そう言いたいのをぐっと堪えて人差し指で頬を掻きながら、目を逸らした。
科学班のみんなが作ってくれたキュロットスカートにショートブーツという機能性重視のわたしの団服は、ドレスとは似ても似つかない。

「大丈夫よ」

 目線を泳がせたままのわたしに近付いて、リナリーはその両手を力強く握った。

「少し練習すればすぐ上手になるわ」
「そうかなあ…………」
「そうよ。当日は少しお洒落して、それで」
「それで?」
「神田の事、誘っちゃおうよ」
「なっ………………」

 突然出された名前にカッと顔が赤くなる。
 神田。
 同じエクソシスト、と言うには実力の差がありすぎる、でも、わたしたちの、大切な仲間。もうそろそろ、長い付き合い、と形容してもおかしくはないくらい、ここで一緒に時を過ごしている、――…わたしの好きな人だ。
今の所、この気持ちが成就する予定は兆しも見えないけれど。

「大丈夫、貴女が誘えば神田も来るはずだから」
「来ないと思うけど…………」
「そうかな?」

 なんでそんな自信満々なの、と呟いた言葉には返事が返って来ないまま、リナリーは握った手の力を少し強めた。
わたしは、この笑顔に滅法弱い。

「きっと皆に楽しんでもらえるようにするわ。ジュリーさんのケーキはきっと絶品よ」

 クリスマスはあと一ヶ月後に迫っている。


「1、2…そうそう、」
「へえ、なかなか上手じゃないですか」

 談話室のテーブルを脇に避け、空いたスペースでリナリーに手を引かれているわたしの様子はダンスをしているというより、初めて立ち上がる馬のようだった。ソファに座りながらそれを見ていたアレンの言葉に苦笑いする。

「ハハ…ありがと…」
「嘘じゃありませんよ。

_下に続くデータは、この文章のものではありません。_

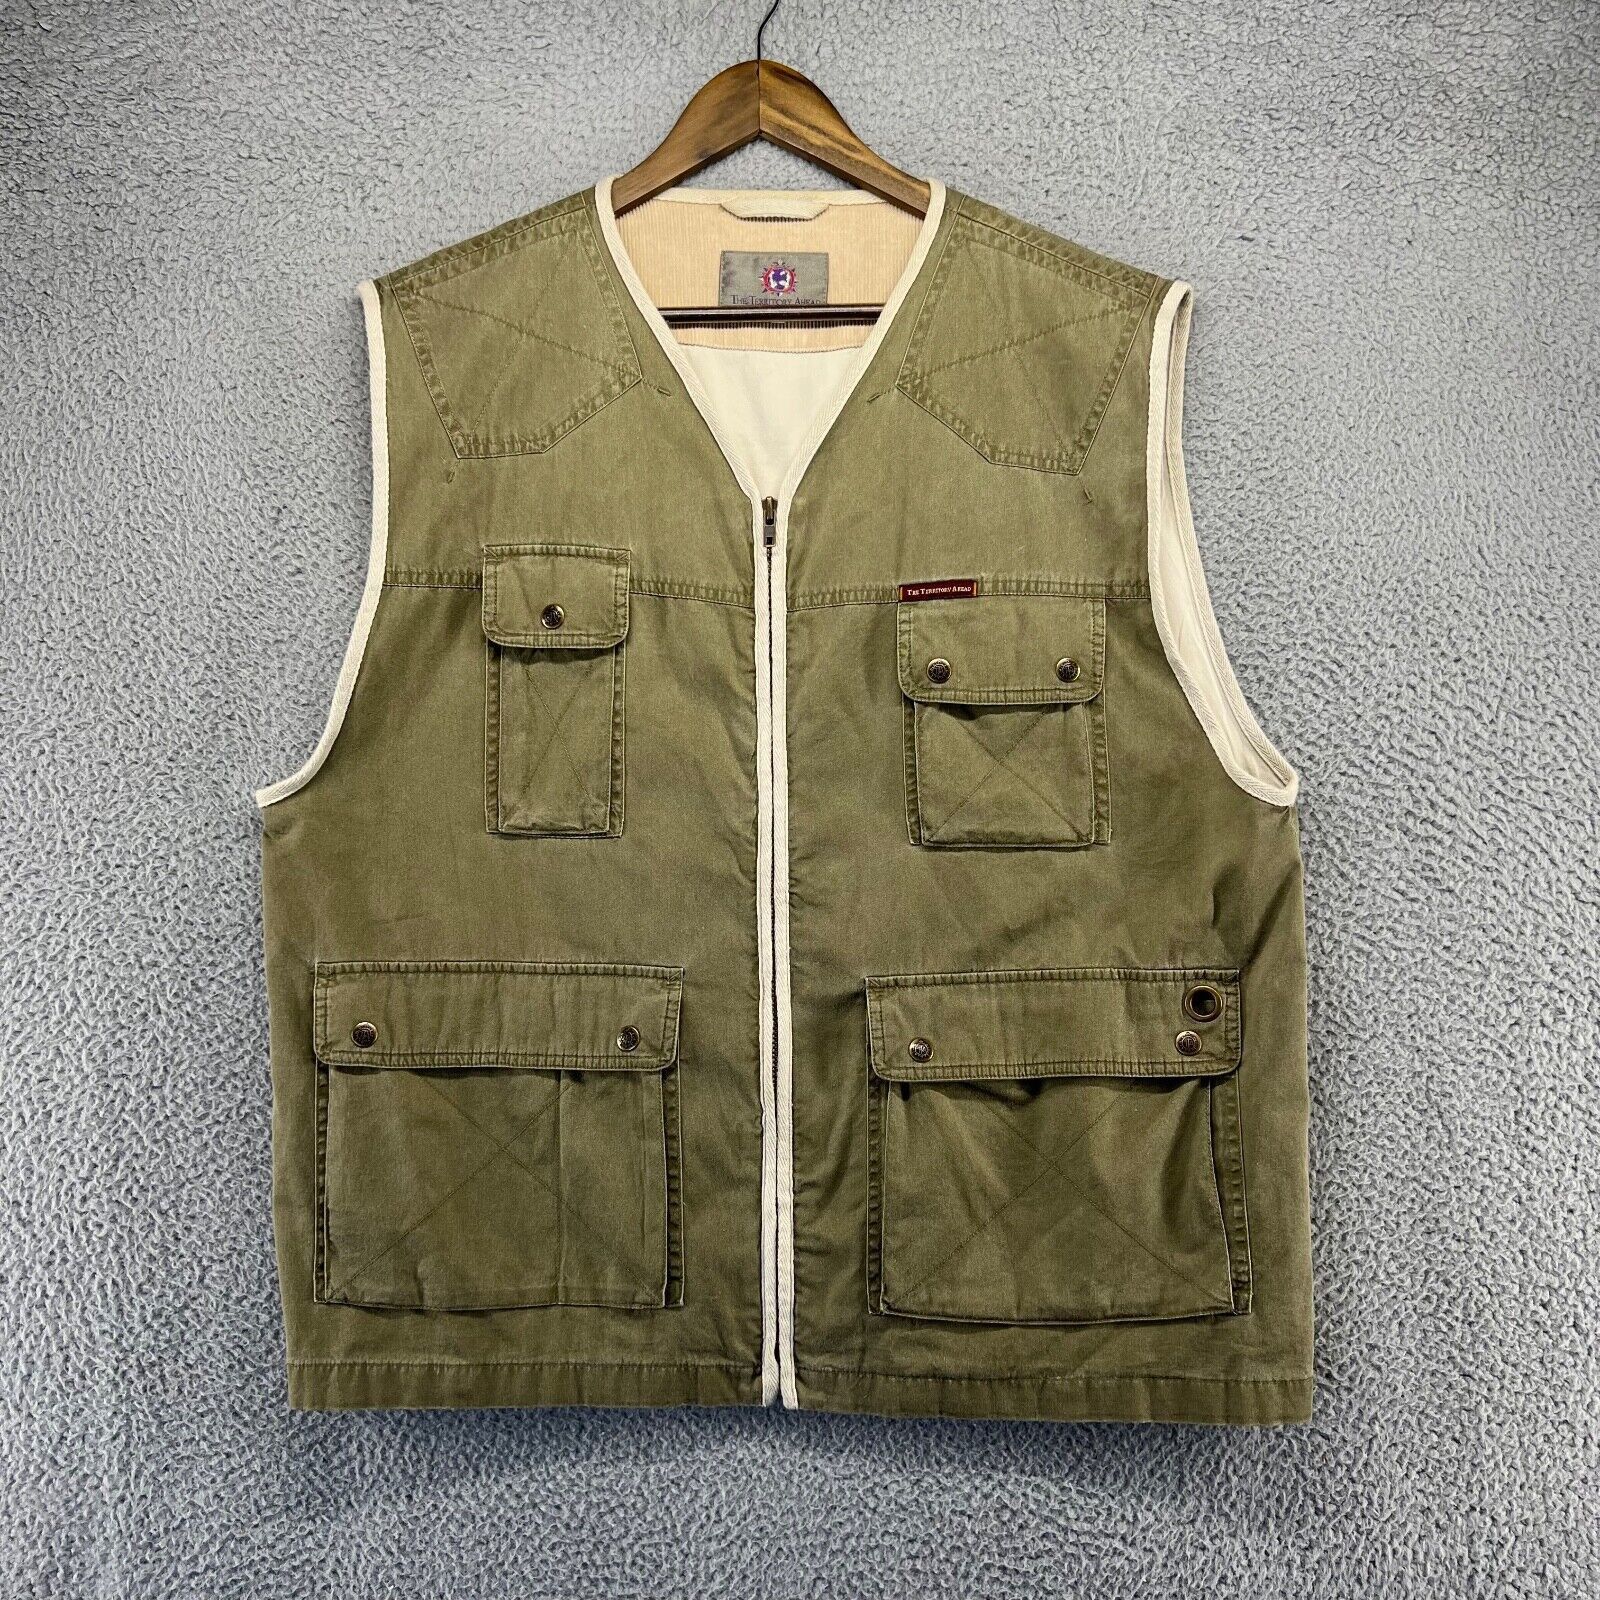 The Territory Ahead Vintage Territory Ahead Vest Mens Extra Large Green ...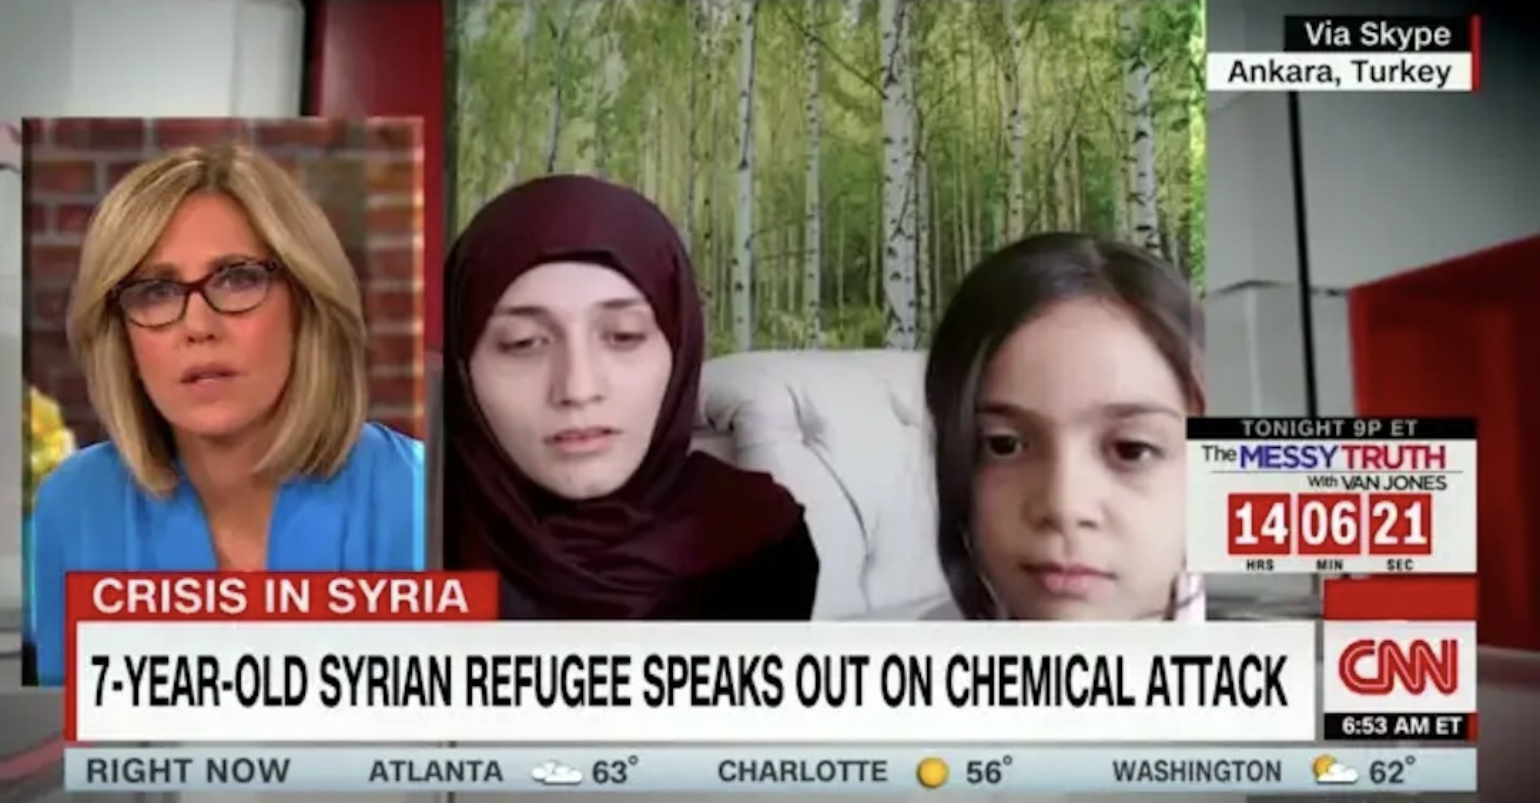 Recalling CNN’s Fraudulent “Interview” With A Seven Year-Old Syrian Girl

ねえラビ?」
「ん? ああ、そうさね。躓く回数が7回から4回に減ってら」
「数えないでよぉ~…」
「悪ィ悪ィ。なんでも記録すんのが癖なんさ~」

 慣れないピンヒールのせいで痛む足が、皆の言葉に反してにわたしの自信を失くさせる。
 
 ヒールの靴を持っていないと言ったわたしにリナリーが貸してくれたのは、彼女が持っている中で一番低いヒールのパンプスだった。足首に回されたベルトで有る程度サイズを調節して脱げなくはしたものの、驚いたのは実際に足を入れて立ち上がった時の、普段とは違う目線の高さ。わ。と、新鮮な気持ちになったのはその一瞬だけだった。
 歩き出してみてわかる、不便なつくり。前のめりになるせいで指の付け根に重心がかかって、時間が経つ毎に足の裏がじん、と傷む。膝を伸ばして大股で歩くなんてこの靴では持ってのほかだ。
 ――だれかにだいじにされるための靴なのだ、これは。
 頼りない踵のヒールの細さは、それをひどく痛感させた。わたしが足を踏み入れるこのとないところ。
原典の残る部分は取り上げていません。